Note that start_over also returns n_indices, which equals 1500.
The list coords contains the indices of the two coordinates associated to $\mathbf{v}$ in the definition of $f_r$. Use coords rather than hard-wiring those two indices into your code.

In [5]:

%matplotlib inline
w0, n_indices = start_over()
coords = [6420, 6424]

In [6]:

# def fr(v, indices):
#    ...

In [7]:

# show_function(fr, n_indices)

In [8]:

# v0 = np.array([2., 1.])
# start_over(fr, gd);
# f_star, v_star = gd(fr, v0, np.arange(n_indices))
# print_outcome(f_star, v_star)

Problem 1.2 (Exam Style)¶

If you were to compute a local minimum of fr by gradient descent starting at $\mathbf{v}_0 = (2, -2)$, what value $\mathbf{v}^\ast$ do you think this computation would find, approximately? Justify your answer briefly.

Notes¶

You can answer this question by inspection of the plot that show_function produced in the previous problem, and it is not necessary to actually run gradient descent.
You may use gd to check your answers (do not submit those checks), but you still need to justify your answers with reference to the plot made by show_function, as if you had not run gd.
The horizontal coordinate in that plot is $v_0$ and the vertical coordinate is $v_1$.
Grid points are 0.2 units apart. It is OK if your answer is off by a grid cell or so.

Problem 1.3 (Exam Style)¶

If you were to start at $\mathbf{v}_1' = (2, 1)$ instead, would gradient descent find a point where $f_r$ has a lower value than it had at the point $\mathbf{v}^\ast$ you found in the previous problem? Justify your answer briefly.

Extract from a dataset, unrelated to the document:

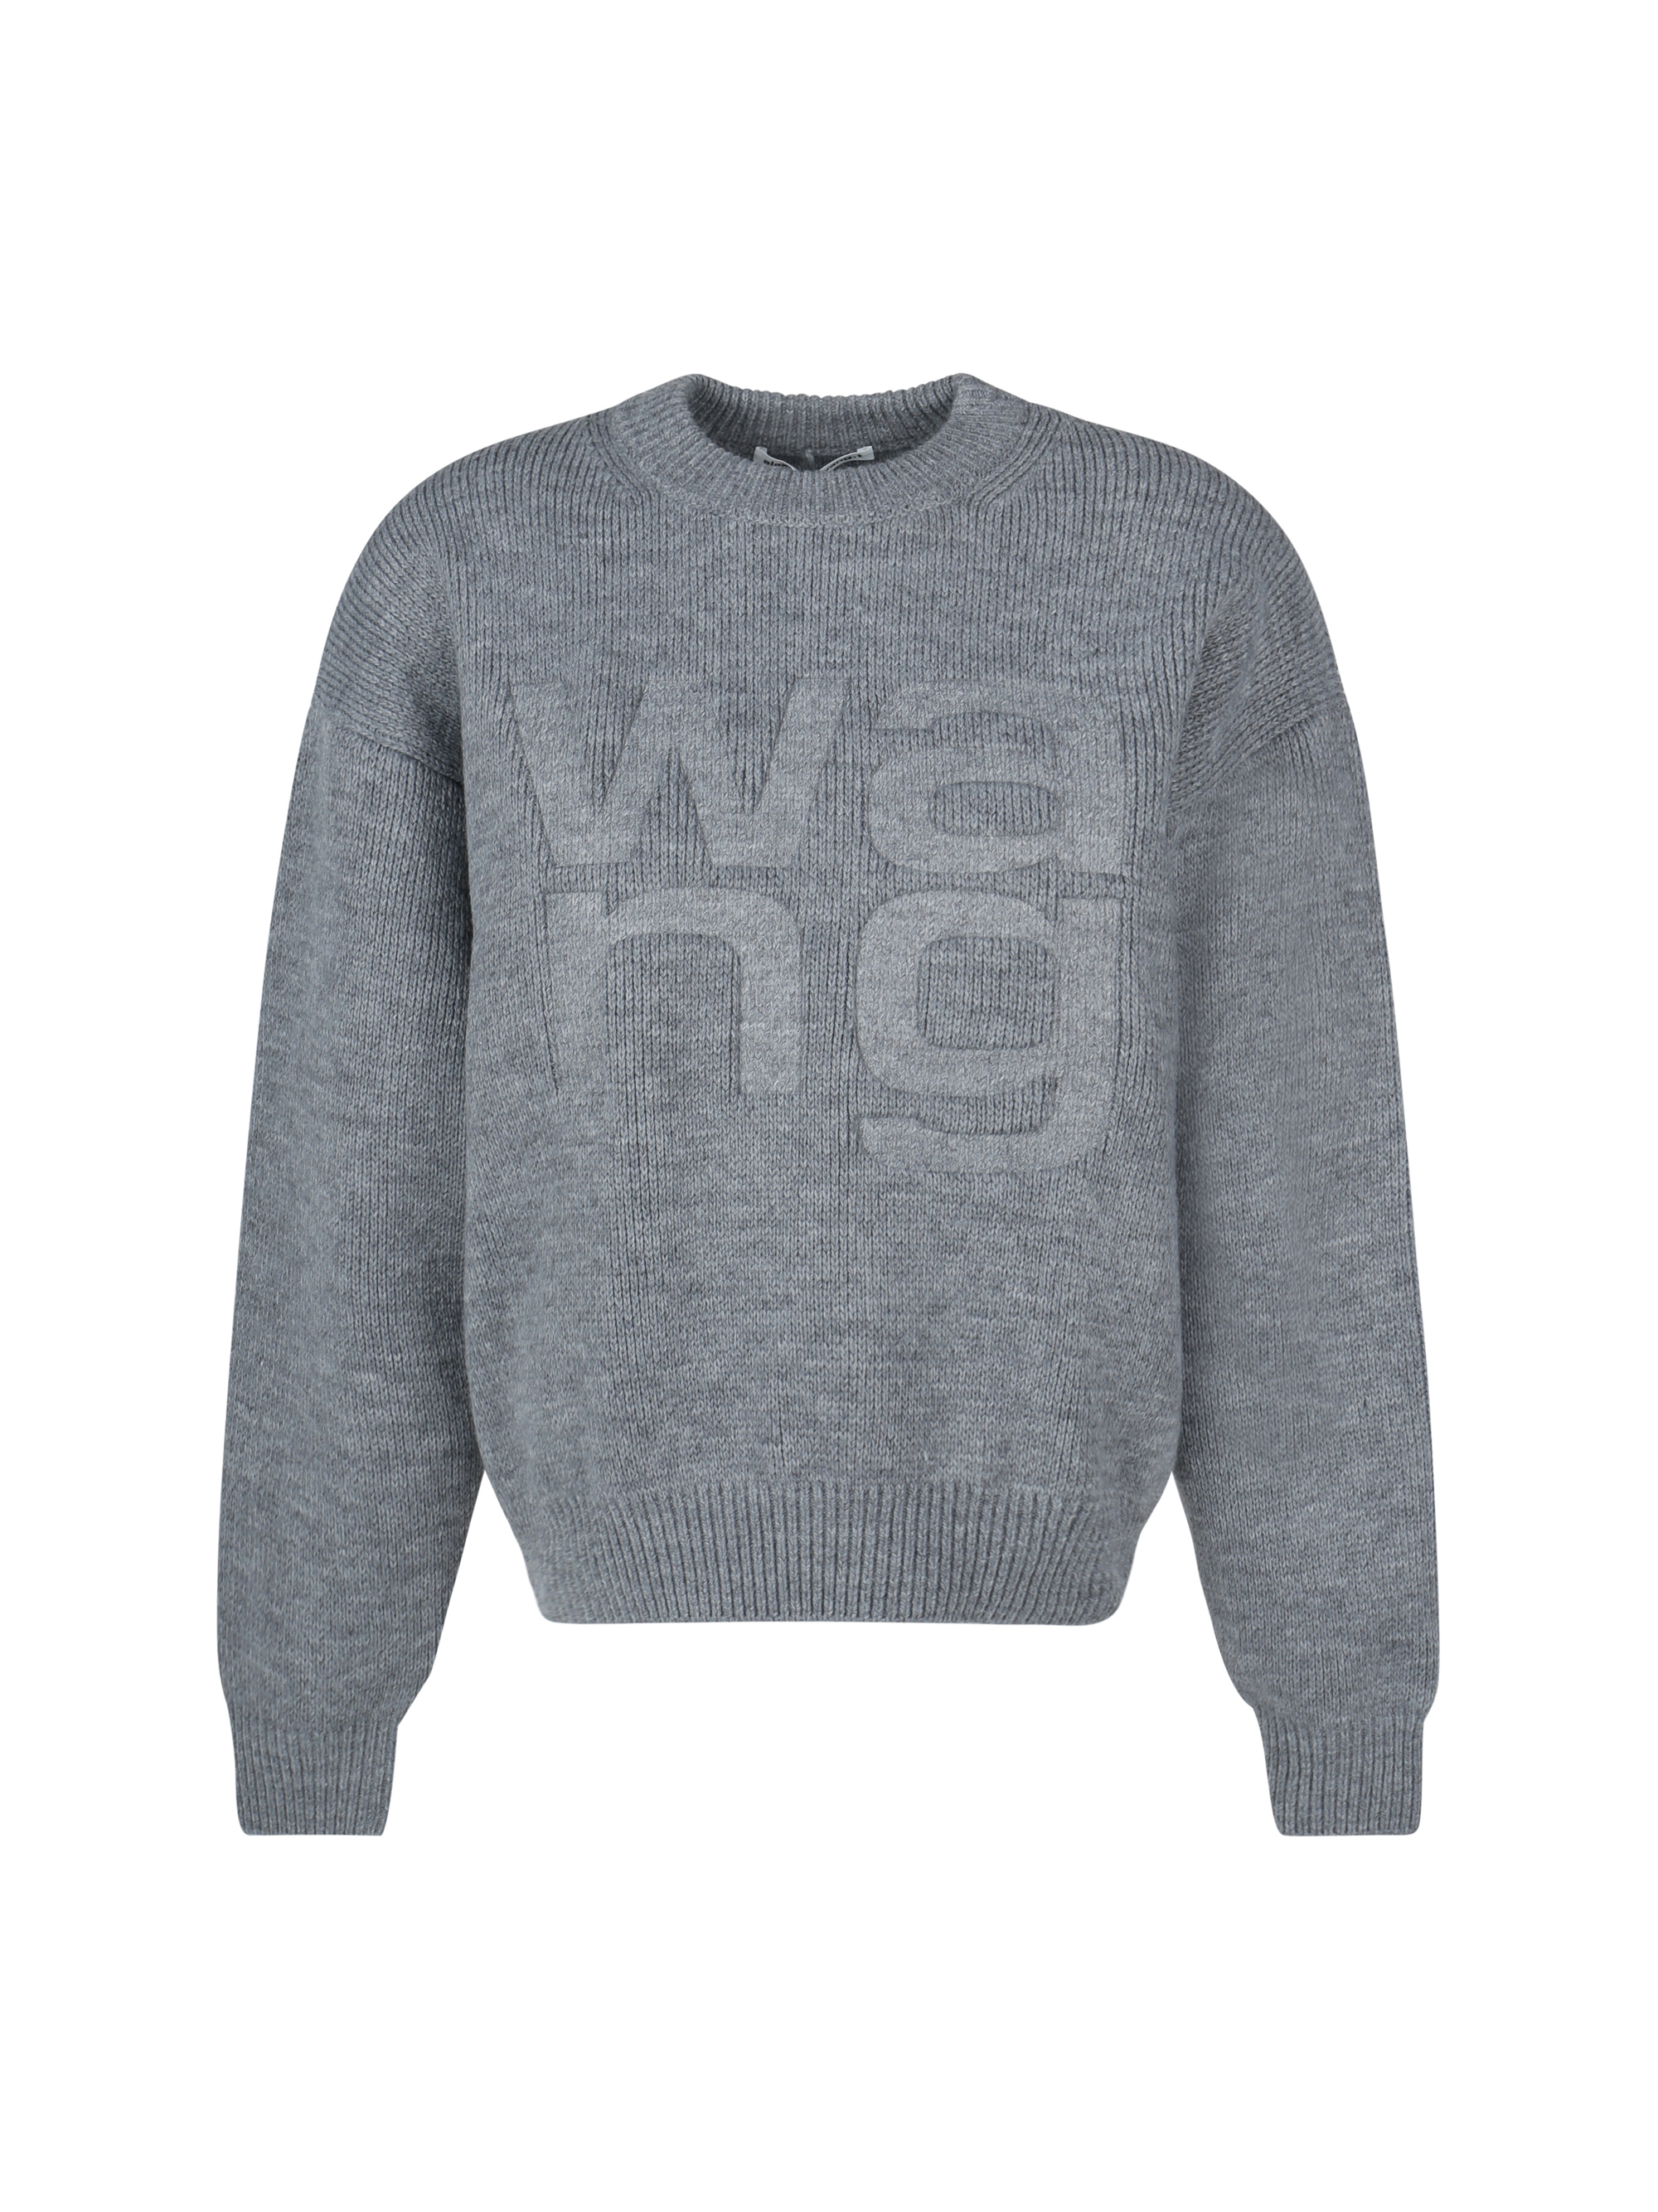 alexander wang - sweater

The same Notes as in Problem 1.2 hold here, including the bullet on the style of your justification.

Part 2: Stochastic Gradient Descent¶

We now write a generator sgd that implements Stochastic Gradient Descent (SGD). The generator is decorated with @Display, just as gd was, so we can see the path traversed when the function depends on just two variables.

The general idea of SGD is quite simple: Split the indices into batches and run Gradient Descent (GD) on averages estimated on each batch, rather than on the entire index set. When all the indices have been visited once, an epoch ends and the next one begins. At the beginning of each epoch the indices are randomly permuted, so that batches are different in each epoch.

In its simplest form SGD does not have a termination check, because it would be too expensive to determine if the overall average is small enough. Instead, SGD simply runs for a prespecified number of epochs. This is the version we implement here.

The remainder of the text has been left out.